上述函数调用了attachLists()函数,attachLists()函数如下:

    /*
     addedLists是二维数组
     [
        [method_t, method_t]
        [method_t, method_t]
     ]
     
     addedCount是分类数量
     */
    void attachLists(List* const * addedLists, uint32_t addedCount) {
        if (addedCount == 0) return;

        if (hasArray()) {
            // many lists -> many lists
            uint32_t oldCount = array()->count;
            uint32_t newCount = oldCount + addedCount;
            array_t *newArray = (array_t *)malloc(array_t::byteSize(newCount));
            newArray->count = newCount;
            array()->count = newCount;

            for (int i = oldCount - 1; i >= 0; i--)
            // array()->lists是原来的方法列表
                newArray->lists[i + addedCount] = array()->lists[i];
            
            // addedLists是所有分类的方法列表,把分类方法列表放到方法列表前面。
            for (unsigned i = 0; i < addedCount; i++)
                newArray->lists[i] = addedLists[i];
            free(array());
            setArray(newArray);
            validate();
        }
        else if (!list  &&  addedCount == 1) {
            // 0 lists -> 1 list
            list = addedLists[0];
            validate();
        } 
        else {
            // 1 list -> many lists
            Ptr<List> oldList = list;
            uint32_t oldCount = oldList ? 1 : 0;
            uint32_t newCount = oldCount + addedCount;
            setArray((array_t *)malloc(array_t::byteSize(newCount)));
            array()->count = newCount;
            if (oldList) array()->lists[addedCount] = oldList;
            for (unsigned i = 0; i < addedCount; i++)
                array()->lists[i] = addedLists[i];
            validate();
        }
    }

可以看到,合并时先将原来类中的方法向后移动,再将分类方法放到方法列表前面。因此,进行方法查找时,先找到分类方法,找到后不再查找,这就形成了分类方法会覆盖类方法的错觉。

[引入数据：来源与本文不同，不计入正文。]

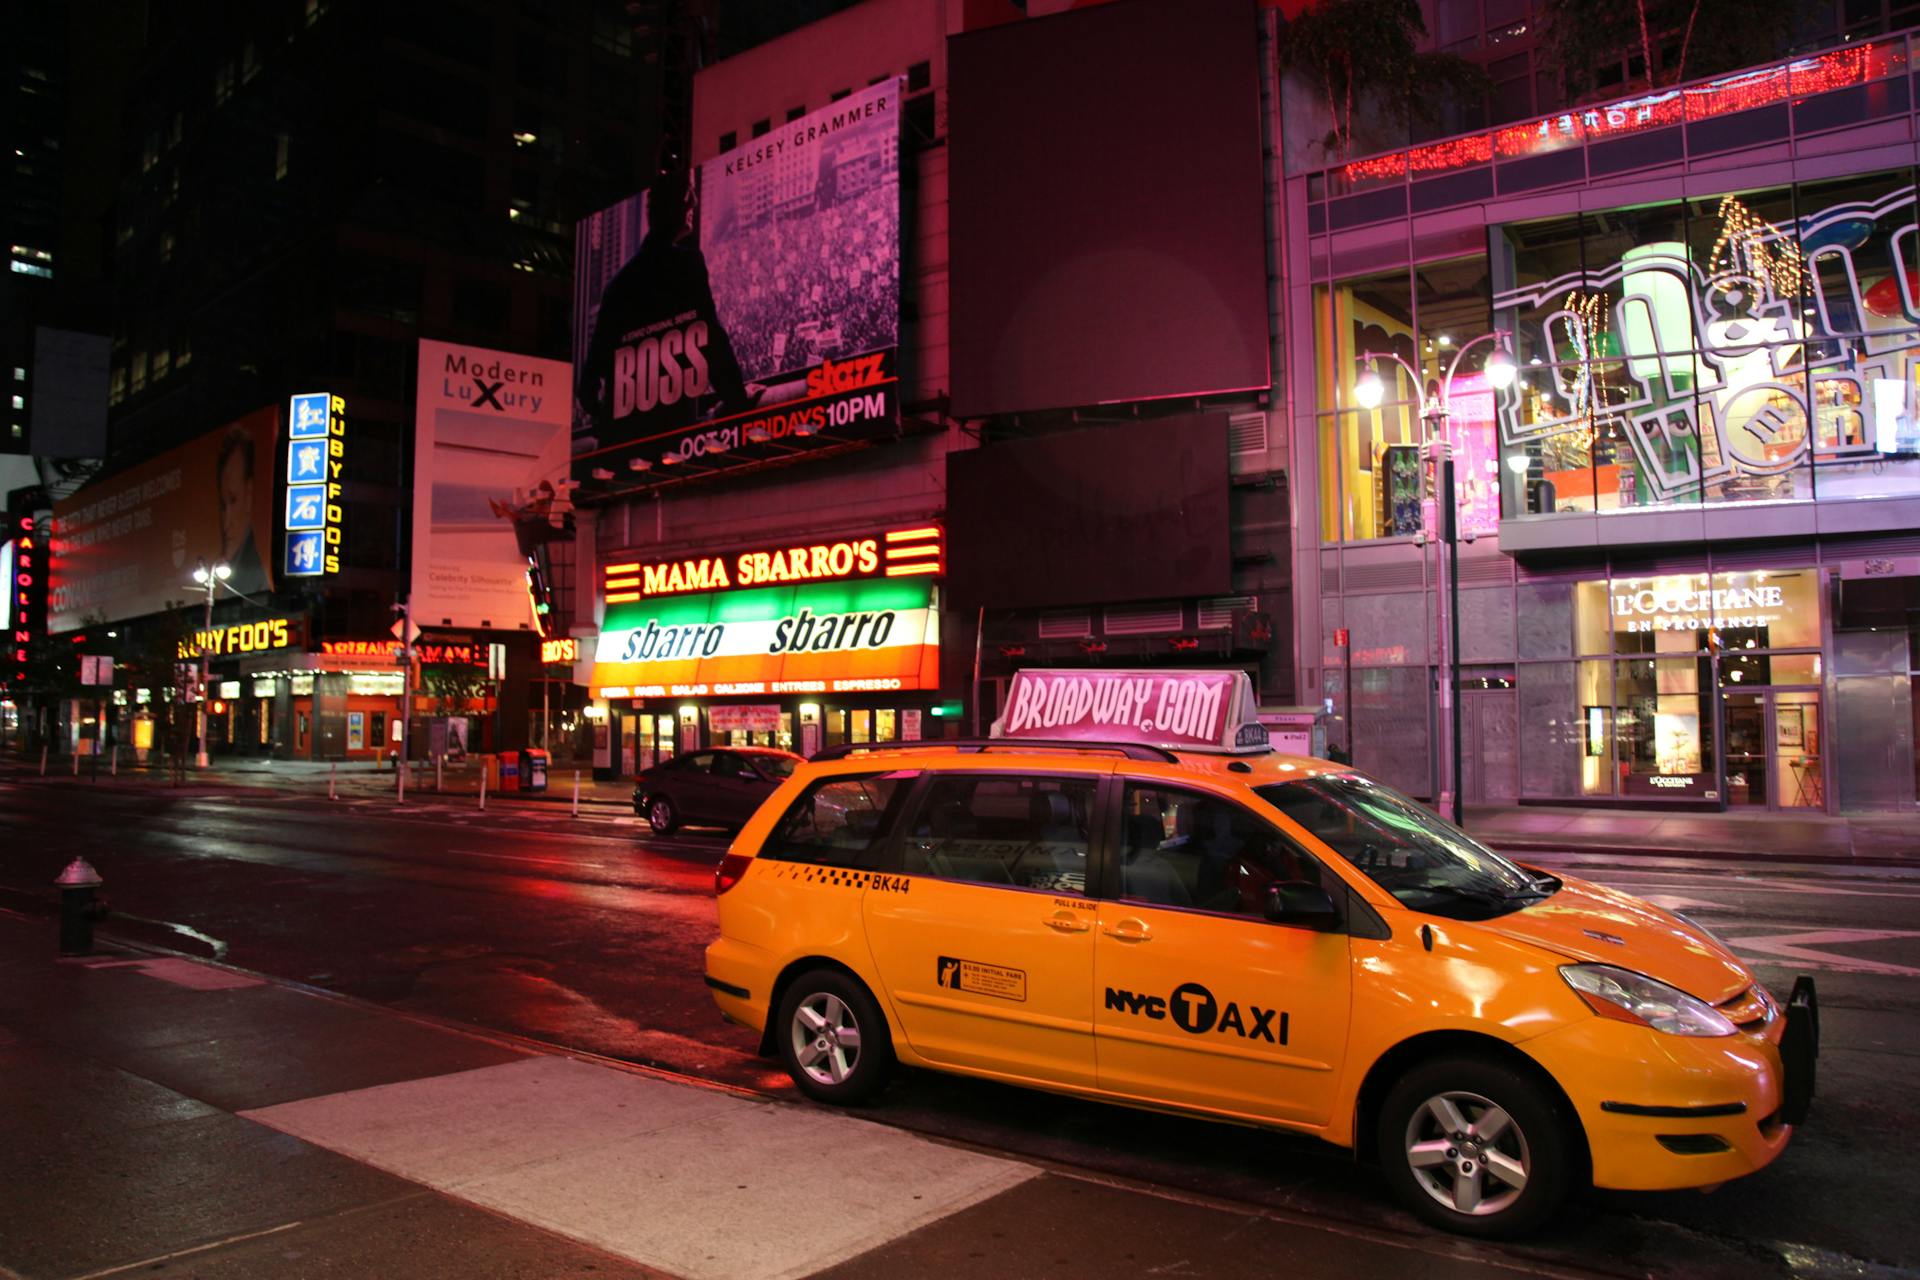 A yellow cab on a road during the night | Source: Pexels

事实上,如果分类和原来类都有同样方法时,category附加完成后方法列表会有两个相同的方法,只是分类方法位于列表前面,优先查找到分类方法。

分类的方法列表和类的实例方法一样,最终放在同一个类对象的方法列表,并不会存放在单独的方法列表中。类方法、协议、属性等类似。

2. load方法

多数情况下,开发者无需关心 Objective-C 中的类是如何加载进内存的,这一复杂过程由 runtime 的 linker 处理,并且会在你的代码开始执行前处理完成。

多数类无需关心类加载过程,但有时可能需要初始化全局表、用户数据缓存等任务。

Objective-C runtime 提供了+load+initialize两个方法,用于解决上述问题。

2.1 介绍

如果实现了+load方法,其会在加载类时被调用。+load只会调用一次,并且是在调用main()函数前调用。如果在可加载的 bundle 实现了+load方法,他会在 bundle 加载过程中调用。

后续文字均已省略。